Let's say we want to validate that a string, perhaps entered into a form by users, follows the format of a nine-digit US postal code. The rule is:

88888-8888

Each 9 represents a decimal digital, and the format is 5 decimal digits, following a hyphen, followed by 4 decimal digits

function isThatAZipCode(candidate) {
  if (typeof candidate !== string || candidate.length != 10) 
    { return false; }
  for (let n = 0 ; n < candiate.length ; n++) {
    let c = candidate[n];
    switch(n) {
        case 0 : case 1 : case 2 : case 3 : case 4 
        case 6 : case 7 : case 8 : case 9
        if( c < '0' || c > '9') return false;
        break;
        case 5 :
        if( c! == "-") return false;
        break;
    }
   }
   return true; 
}
💡
What if we can tell the computer we want the first five characters are a number followed by - and then last four characters are number
function isThisAZipCode(candidate) {
   return /^\d{5}-\d{4}$/.test(candidate);
}

Regular expressions in JS

A regular expression is a type of object. It can be either constructed with the RegExp constructor or written as a literal value.

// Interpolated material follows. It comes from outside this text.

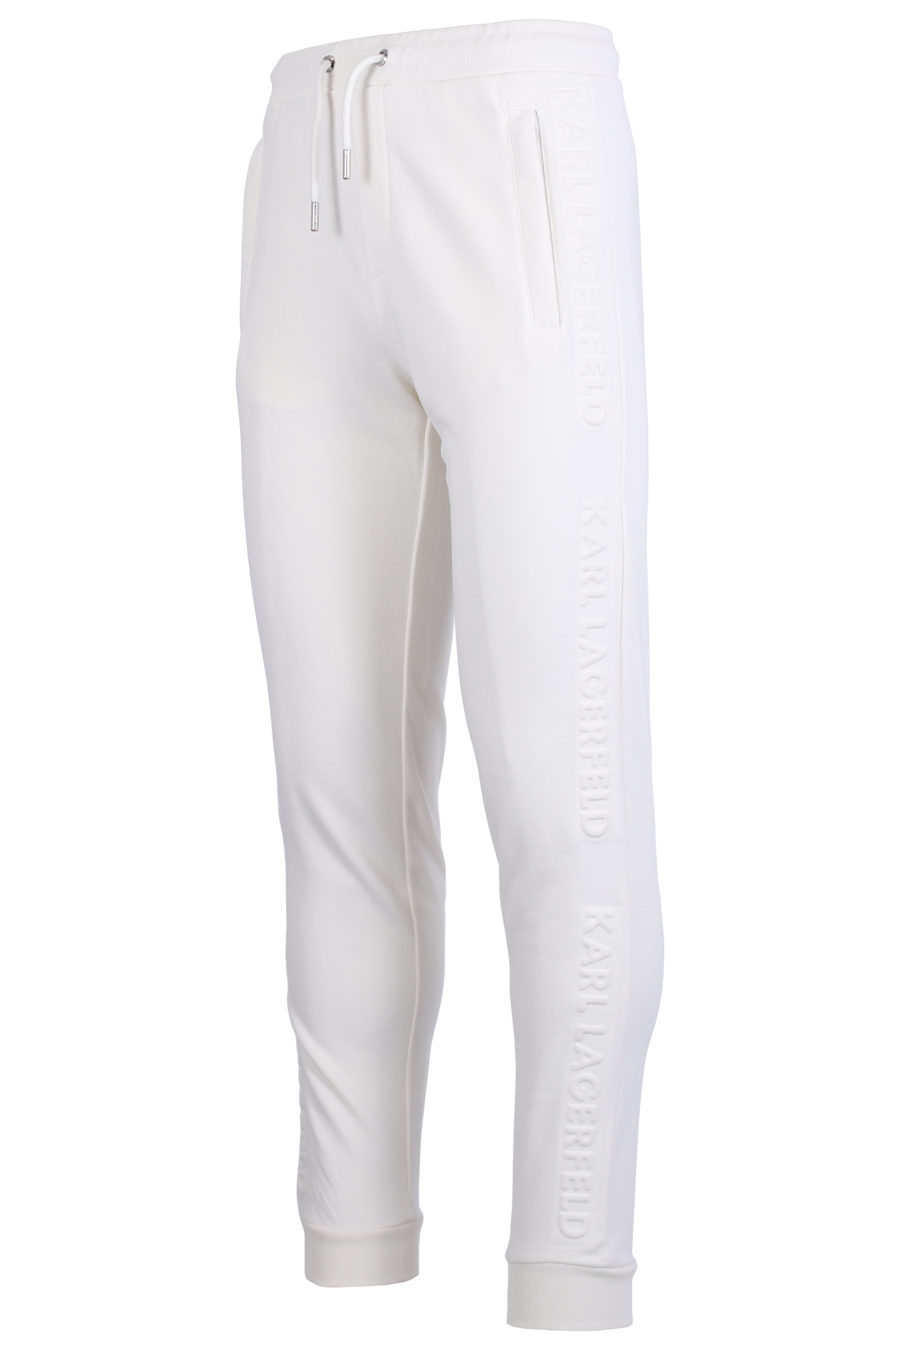 Pantalón de chándal blanco con logotipo en relieve - IMG 0620
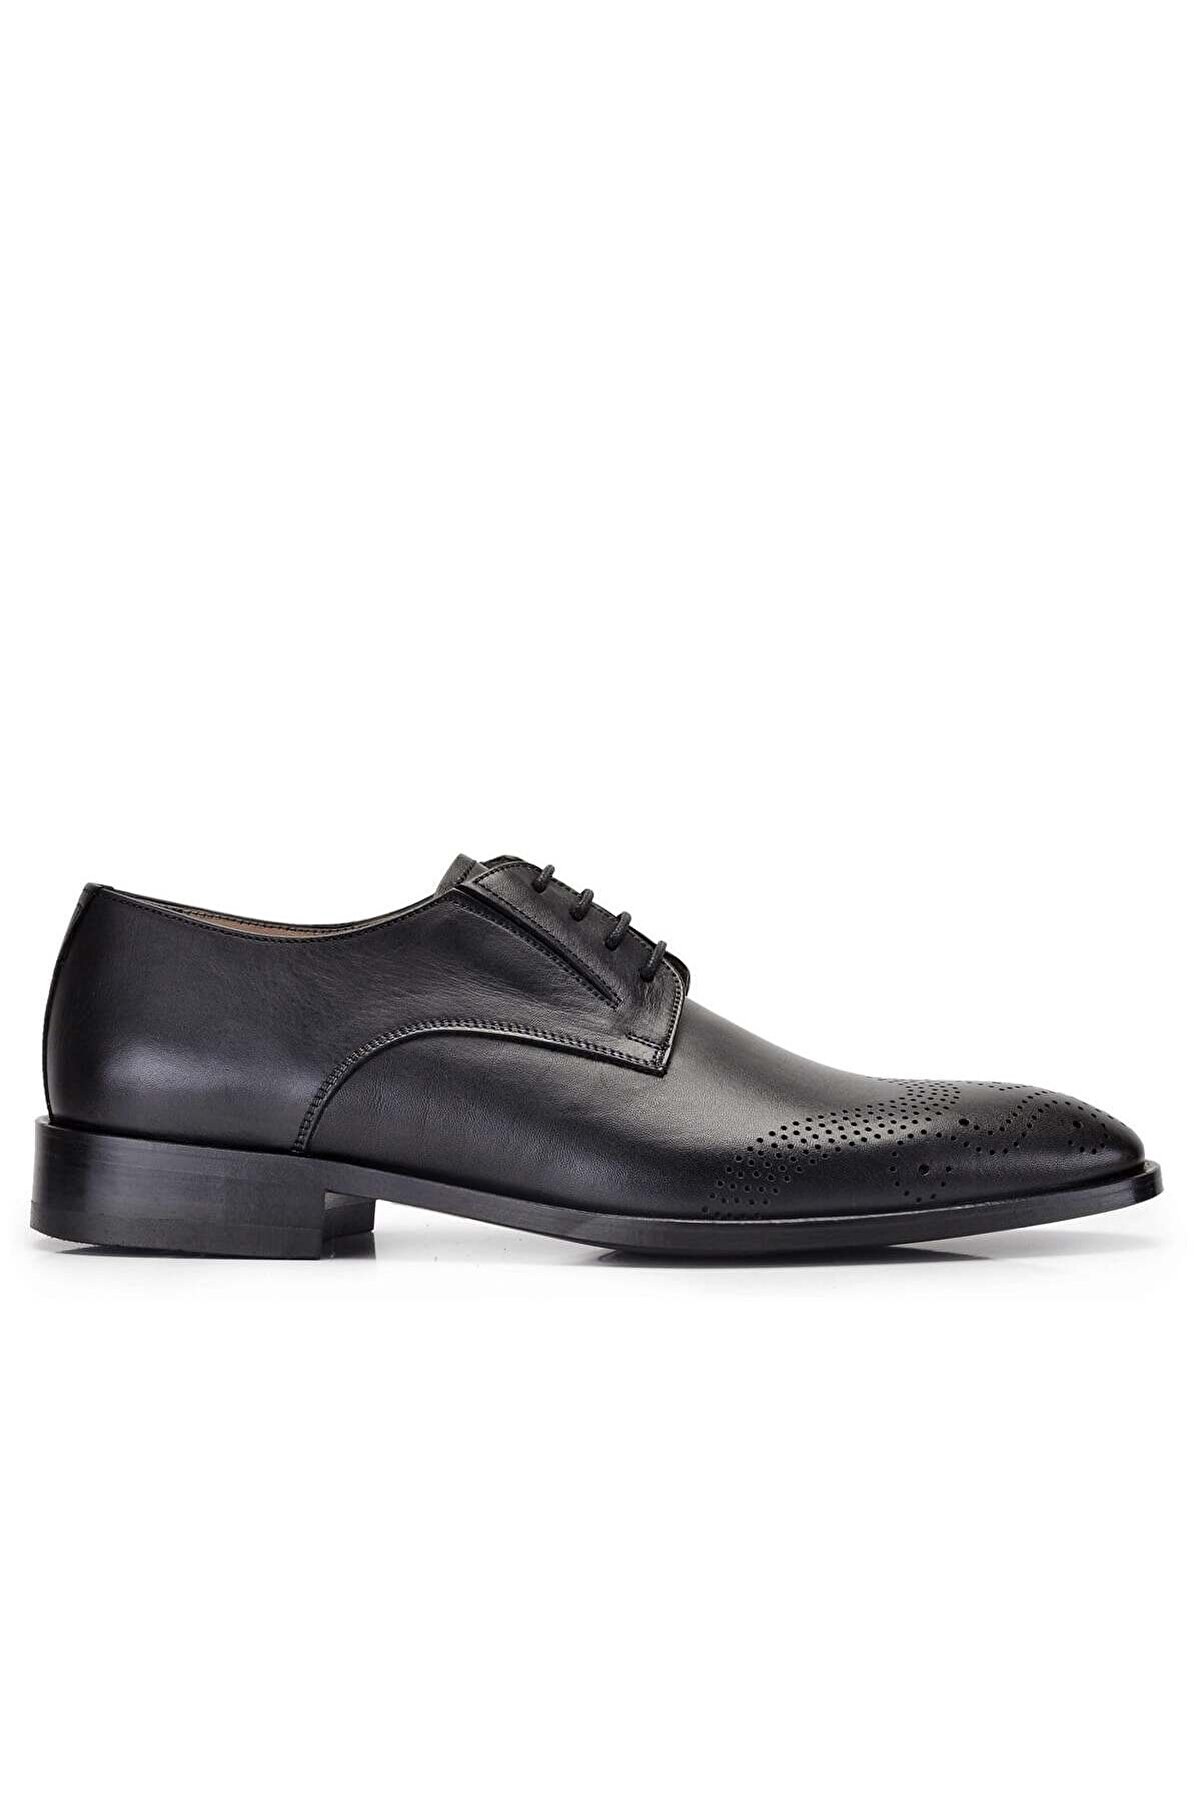 Nevzat Onay Siyah Klasik Bağcıklı Kösele Erkek Ayakkabı -9407-

  • Via a regular expression literal, /test/ (forward slash)

    💡
    /something/ is a syntax to create a regular expression
  • By constructing an instance of RexExp, new RegExp("test");

💡
Test,exec for regular expression

Regular expression's methods

Exec

Exec and match are similar but match are for string and exec for regular expression object

Exec in simple form

let match = /\d+/.exec("one two 100 200");
console.log(match);
// ["100"]
console.log(match.index);
// 8

Exec with group parentheses

let quotedText = /'([^']*)'/;
quotedText.exec("she said 'Hello'");
console.log(quoteText);
// ["'hello'","hello"];

quoteText = /bad(ly)?/;
quotedText.exec("bad");
console.log(quoteText);
//["bad",undefined];

Groups can be useful for extracting parts of a string

let input = "A string with 3 numbers in it... 42 and 88.";
let number = /\b\d+\b/g;
let match;
while ( match = number.exec(input)) {
    console.log("Found", match[0] , "at" , match.index);
}
// → Found 3 at 14
//   Found 42 at 33
//   Found 88 at 40

Terms and operators

Exact matching

Any character that's not a special character or operator must appear literally in the expression. For example, in our /test/ regex, that must match exactly the test keyword

A single match from a class of characters

💡
This is very common, in real world examples we usually say that I want to take a set of combination of a,b and c and followed by another set of combination c,d and f [abc][cdf]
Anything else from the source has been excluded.